The sizzling performance of U.S. stocks this year is largely the result of share buybacks by companies that have repatriated profits from abroad, according to Danielle DiMartino Booth, chief executive of Quill Intelligence LLC in Dallas and a former adviser to the Federal Reserve Bank of Dallas. She is concerned about weakness in both the U.S. housing market and auto sector, two areas that tend to lead the economy. “People forget that last year the U.S. auto industry was in contraction before Hurricane Harvey made landfall in Houston,” leading to a surge in replacement demand, she said.

The massive tax cuts unleashed by Congress late last year have given the U.S. economy a second lease on life. However, the benefits of that stimulus are likely to fade by the middle of 2019 as the Federal Reserve raises rates to fight inflationary pressures. The Fed is nearly universally expected to agree on another hike at its meeting on Wednesday and appears intent on tightening even more next year.

“World markets have reacted very poorly to the tightening cycle in the United States,” Ms. Booth notes. “In fact, the only country that has not succumbed to the tightening cycle is the U.S. itself.” The American immunity to its own interest rate medicine is unlikely to last, she said. Several Wall Street firms are now warning of the possibility of a U.S. recession in 2020. What that really means, she said, is that “they’re internally budgeting for [one in] 2019.”
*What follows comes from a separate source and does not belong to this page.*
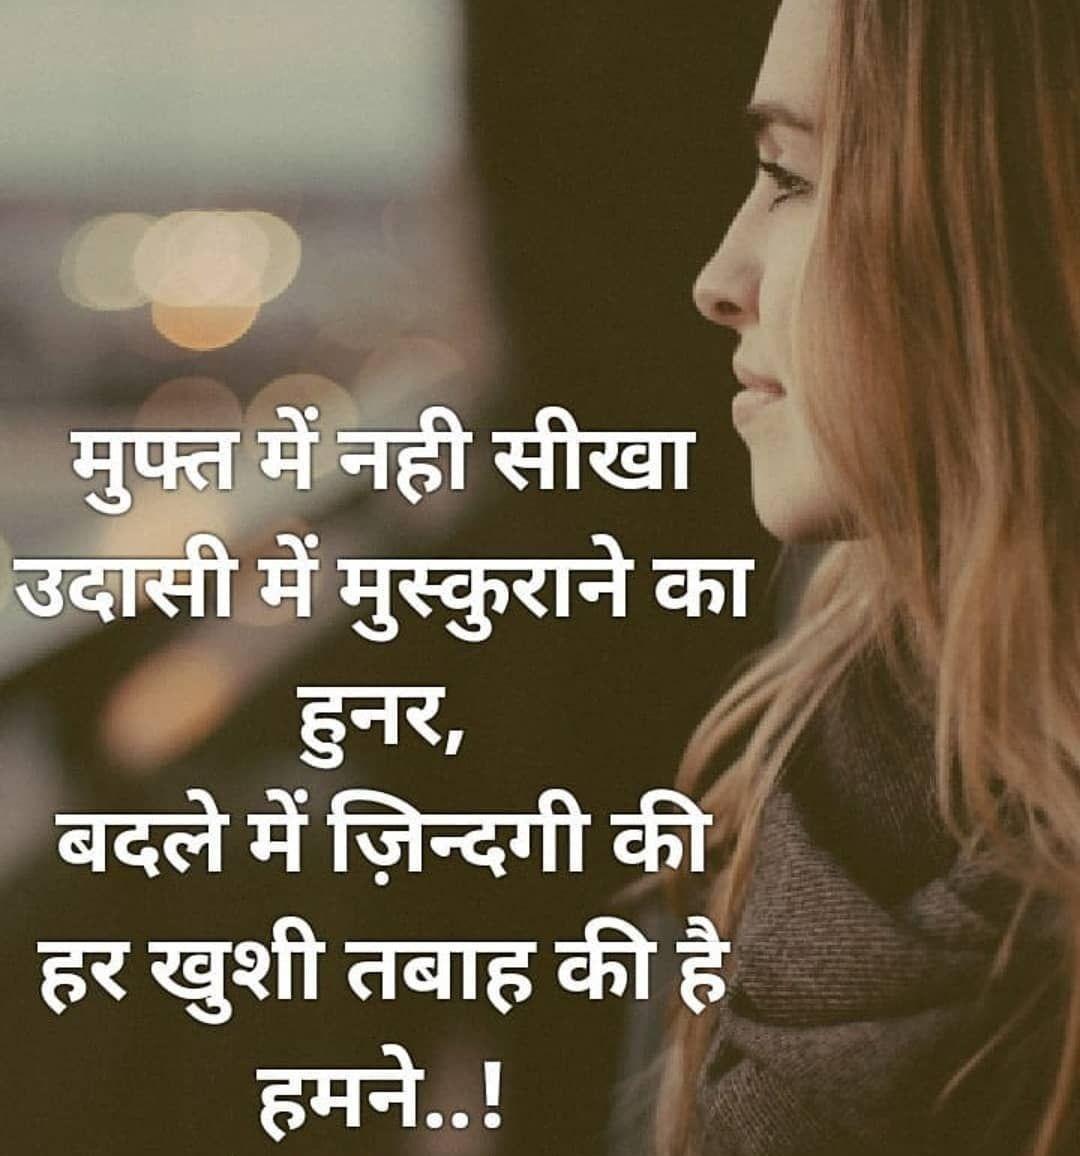 very sad WhatsApp status images download

All of this should make investors wary. Jeremy Hale at Citigroup is among those who acknowledge there is good value in emerging-markets assets. He argues, however, that there isn’t quite enough distress yet to make them obvious contrarian buys. In contrast, “in the near term, it’s difficult to see a major correction [for U.S. stocks] when earnings growth is so strong.”

Fair enough. But those who are investing with an eye to the next couple of years may want to consider the strong possibility that the best of U.S. earnings growth is behind us. If so, unloved Chinese stocks could offer a useful counterbalance to Wall Street.